Komponen kelima adalah Kualitas Sistem Pemantauan dan Pelaporan (Tracking and Tracing of Shipments). Variabel ini berisi evaluasi sistem pelacakan dan pelaporan pengiriman barang, penting untuk transparansi dan juga pengelolaan rantai pasok. Sedangkan komponen terakhir adalah Ketersediaan dan Kualitas Layanan Logistik Internasional (International Logistics Services), Variabel ini dipergunakan untuk Mengukur ketersediaan dan kualitas layanan logistik untuk perdagangan internasional, termasuk konektivitas global dan akses pasar internasional.
Metode pengukuran LPI menggunakan teknik statistik untuk mengubah data kualitatif menjadi kuantitatif. LPI 2023 menambahkan dua kategori data yakni LPI Berbasis Survei, yang di kumpulkan dari berbagai survei profesional logistik, dan juga Indikator Kinerja Utama (KPI) Baru, yang menggunakan big data dari pelacakan arus pengiriman global untuk mengukur kecepatan perdagangan lintas negara. KPI atas data sekunder dari institusi dipergunakan untuk memberikan detail lebih dalam tentang kinerja logistik, sedangkan LPI berbasis survei memberikan penilaian umum terhadap persepsi berbagai aspek logistik.
Pengukuran Logistics Performance Index (LPI) melibatkan metode kuantitatif dan kualitatif. Proses di mulai dengan Survei Pengguna Layanan Logistik, di mana Bank Dunia mengumpulkan pendapat dari perusahaan logistik internasional tentang kualitas berbagai aspek logistik. Proses ini melibatkan banyak ahli untuk menilai aspek persepsi dan capaian dari tiap komponen. Selain survei, data sekunder dari laporan industri, data pemerintah, dan studi akademis juga di gunakan. Data tersebut kemudian dianalisis dengan teknik statistik untuk memberikan penilaian akurat pada setiap komponen LPI. Hasilnya di susun dalam Laporan LPI yang mencakup peringkat dan juga evaluasi kinerja logistik untuk setiap negara.
Pemeringkatan skor indeks performa logistik (logistic performance index/LPI) yang dilakukan Bank Dunia pada 2023 menempatkan Indonesia di posisi ke-63 dari 139 negara. Posisi ini menunjukan Tingkat kinerja institusi terkait logistic di Indonesia pada periode tahun 2023. Terjadi penurunan dibanding pemeringkatan lima tahun sebelumnya (2018), yang mana saat itu Indonesia berada di posisi ke-46.

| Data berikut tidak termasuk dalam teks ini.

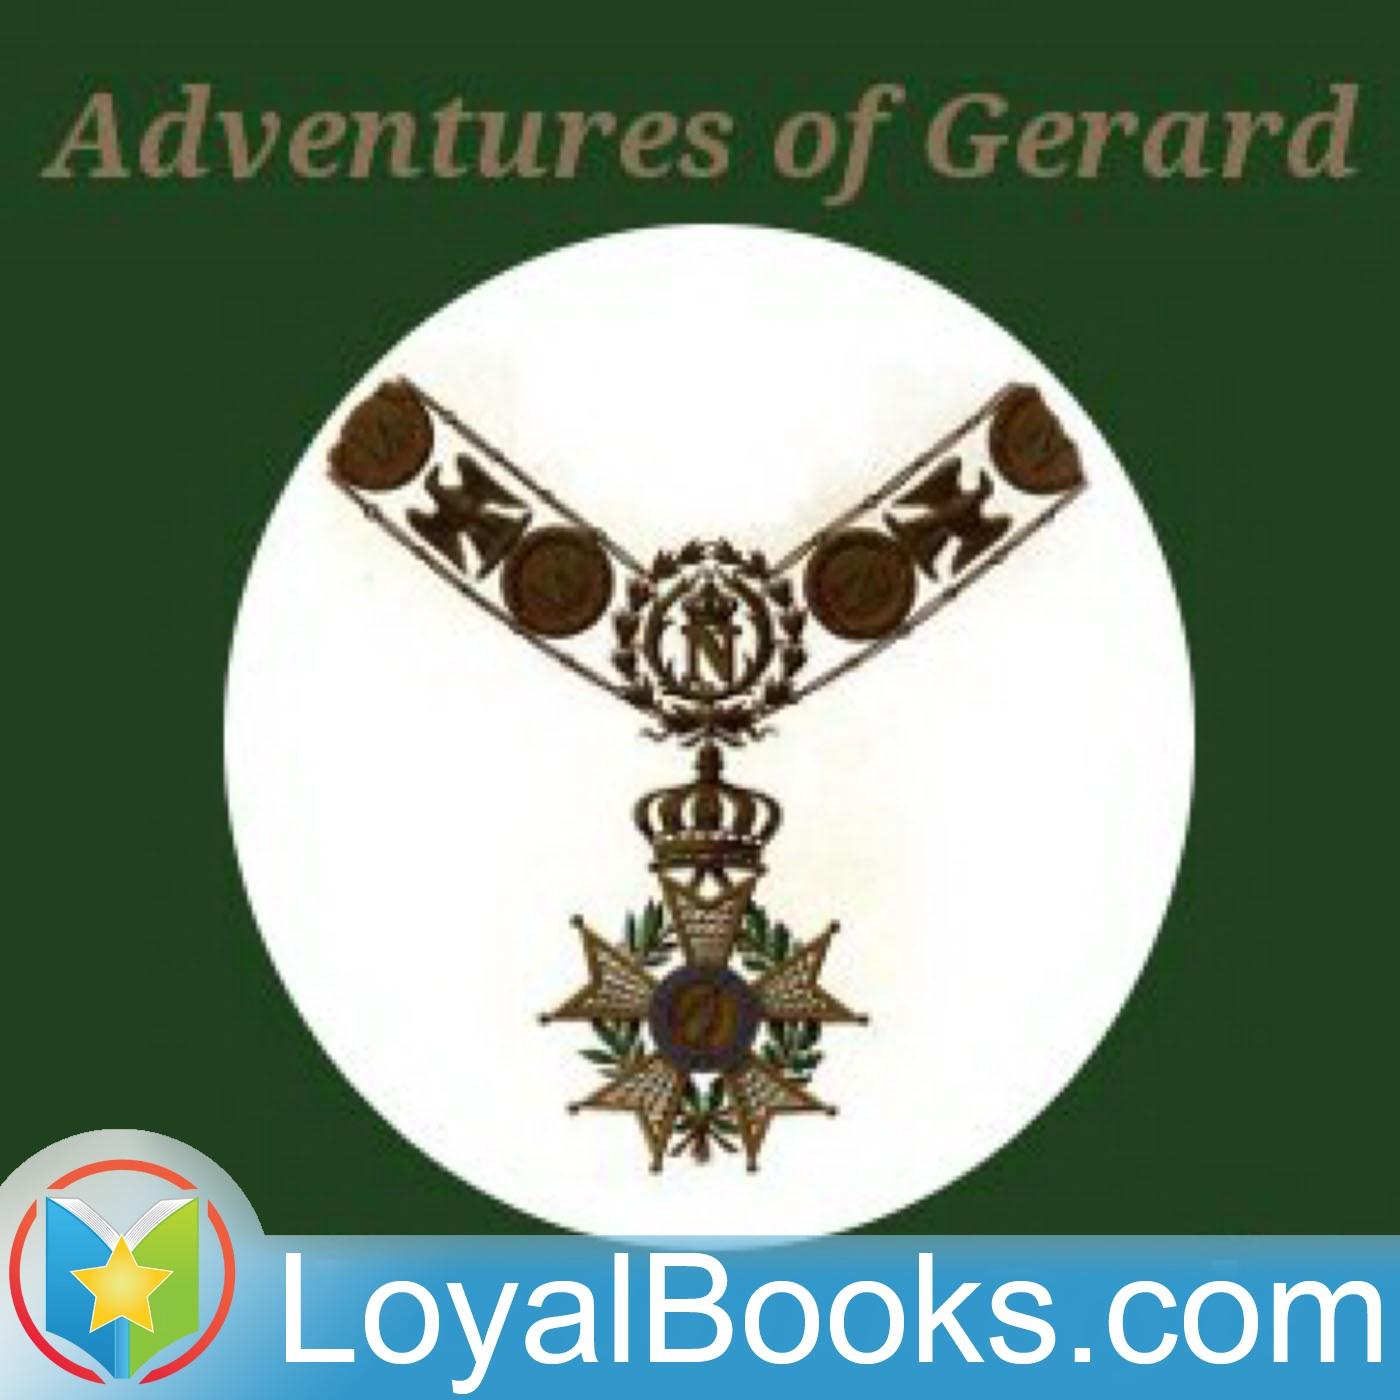 <![CDATA[The Adventures of Gerard by Sir Arthur Conan Doyle]]>

Penurunan peringkat ini disebabkan oleh stagnasi pada komponen infrastruktur dan kepabeanan, serta penurunan pada indikator lain seperti Timeliness, Tracking & Tracing, dan International Shipments. Infrastruktur dan kepabeanan jadi faktor kemerosotan peringkat LPI Indonesia, dengan skor masing-masing 2,90 dan 2,80. Angka itu lebih rendah dibanding negara tetangga, seperti Malaysia (3,60 untuk infrastruktur dan 3,30 untuk kepabeanan) serta Vietnam (3,20 untuk infrastruktur dan 3,10 untuk kepabeanan). Secara kumulatif, daya saing logistik dalam negeri juga masih tertinggal jauh dibanding lima negara tetangga di kawasan Asia Tenggara.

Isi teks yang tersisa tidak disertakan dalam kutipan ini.